1.0.1 State-of-the-art and limitations.

The current fact-checking apps require the users to enter the suspicious messages in those apps to fact-check or ask the users to read the current fact-checking articles to find out if their answers lie within the articles. Such apps are not very useful, since suspicious messages typically come via social media platforms or instant messengers and the cost of switching apps or read verified messages to find out the truth is quite high. The other kind of solutions that involve forwarding service (e.g., to WhatsApp business accounts) for fact-checking are typically manually verified and responded by a team of journalists. The chatbot approach for fact-checking is very limited as we discuss in Section 2. However, those approaches also do not (a) consider a complete truth-seeking design that provides holistic information on a topic, rather take care of certain frequently asked questions on a topic (e.g., , and (b) handle low-resource languages.

Note that we consider the term truth-seek to be more general than fact-check. While fact-checking tries to classify a piece of news to be true or not, truth-seeking provides a complete information against a query. For instance, the query can be a general question about a topic or a news article about which a user is only partially aware or an areabased infection statistics of a disease. The scope of truth-seeking, therefore, subsumes fact-checking as we discuss in the following section.

We introduce TruthBot, a truth-seeking chatbot that (a) provides answers to topic-specific frequently asked questions (FAQ), (b) returns articles after searching on the web, (c) responses to custom queries (e.g., area-wise infection statistics for , in addition to (d) fact-checking news articles. TruthBot uses a deep neural network to identify the intent of the user's query. However, if the confidence of the identification is not significant, it consults with the user through a conversation to make sure that the right intent is conveyed to the chatbot. If the query topic falls in any of the four classes discussed above, it triggers the corresponding module and retrieves the answer. The modules have dependencies, e.g., if the FAQ module cannot respond to the query, it automatically searches for the query in the fact-check or Google search modules. The details are in Section 3.

We evaluate TruthBot in three aspects:

We measure the response accuracy by finding the relevance of the content of the response with the content of the original query. We conduct a survey on the satisfaction of the chatbot regarding the topic it handles (COVID-19 in our example).

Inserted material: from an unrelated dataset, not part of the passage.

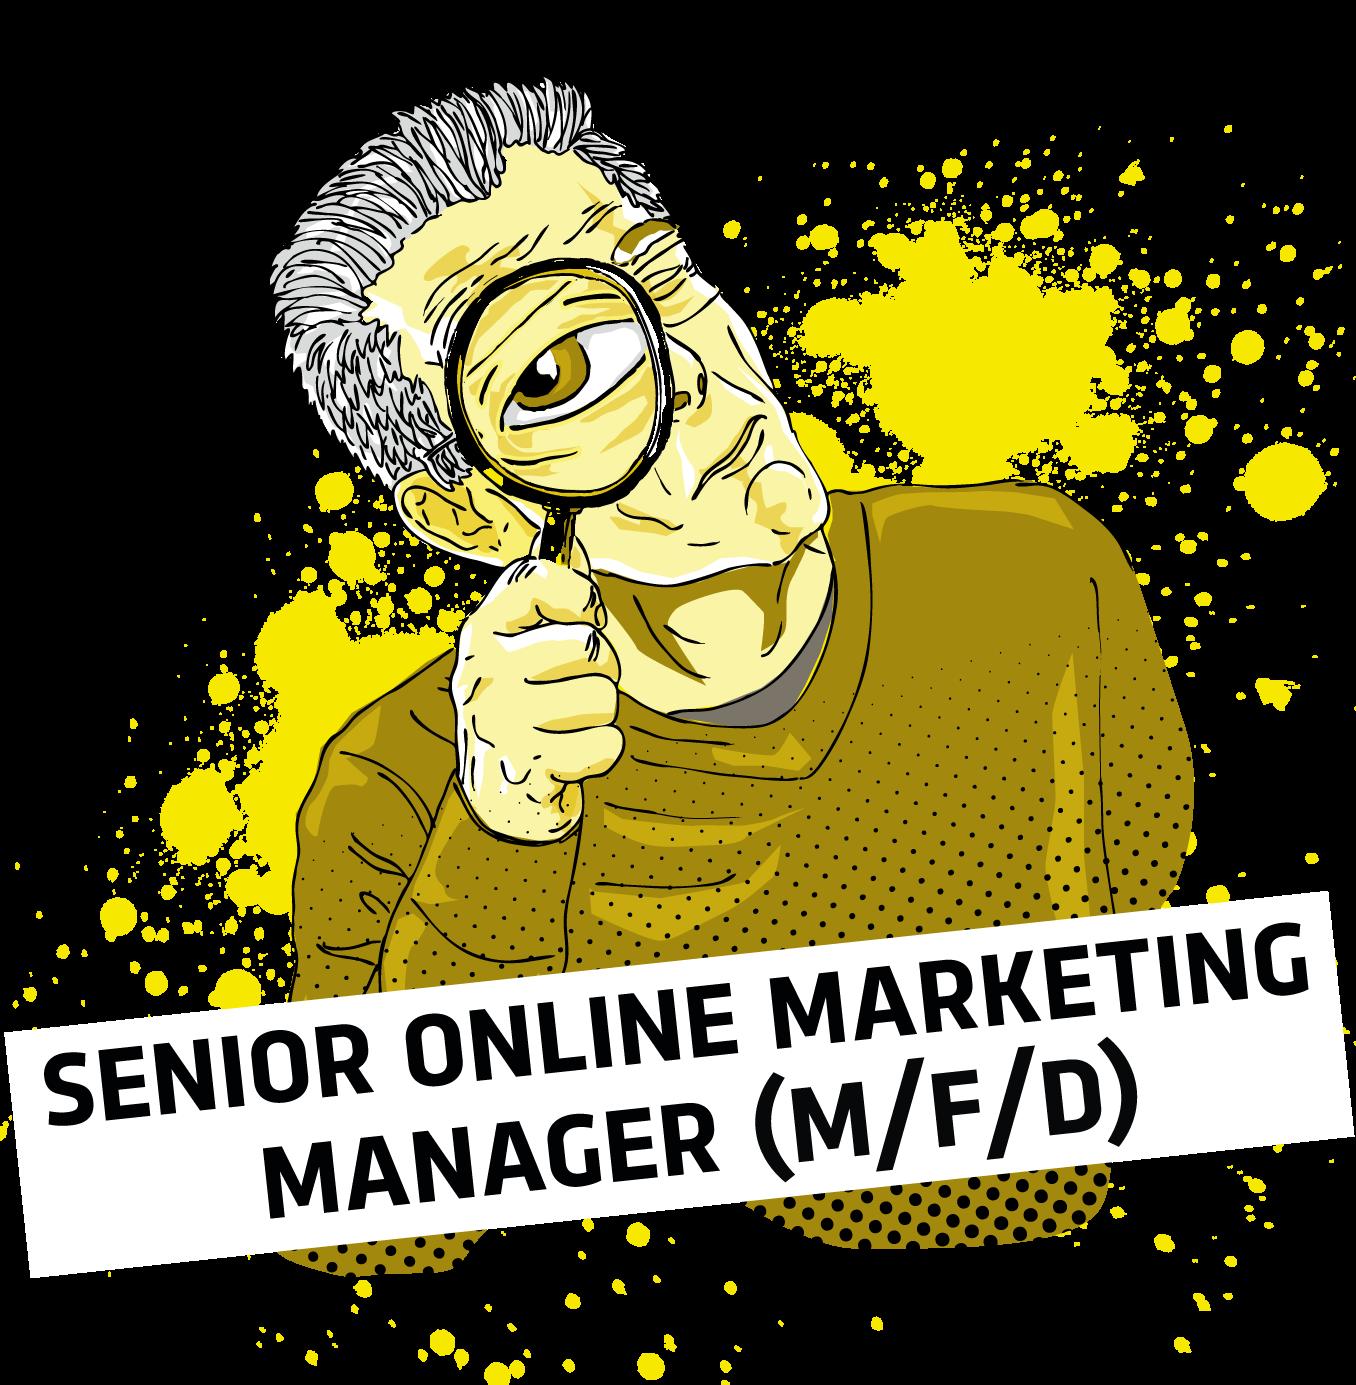 Senior Online Marketing Manager

We also conduct another survey with a different population on the user interface about the usefulness, ease of use, credibility, precision, and value of the chatbot. Table 1 shows a typical example of the responses returned by the international fact-checking network (IFCN) chatbot on WhatsApp 3 vis-a-vis TruthBot, where the latter is much more precise against the query.

The contributions of this paper can be summarized as follows:

Unlike other fact-checking chatbots, TruthBot is a truth-seeking bot, which performs four tasks (Section 3.3 to Section 3.6) via a conversational AI engine (Section 3.2) which identifies the intent of a query and guides the user through a piece of curated information or gets the intent clarified from the user.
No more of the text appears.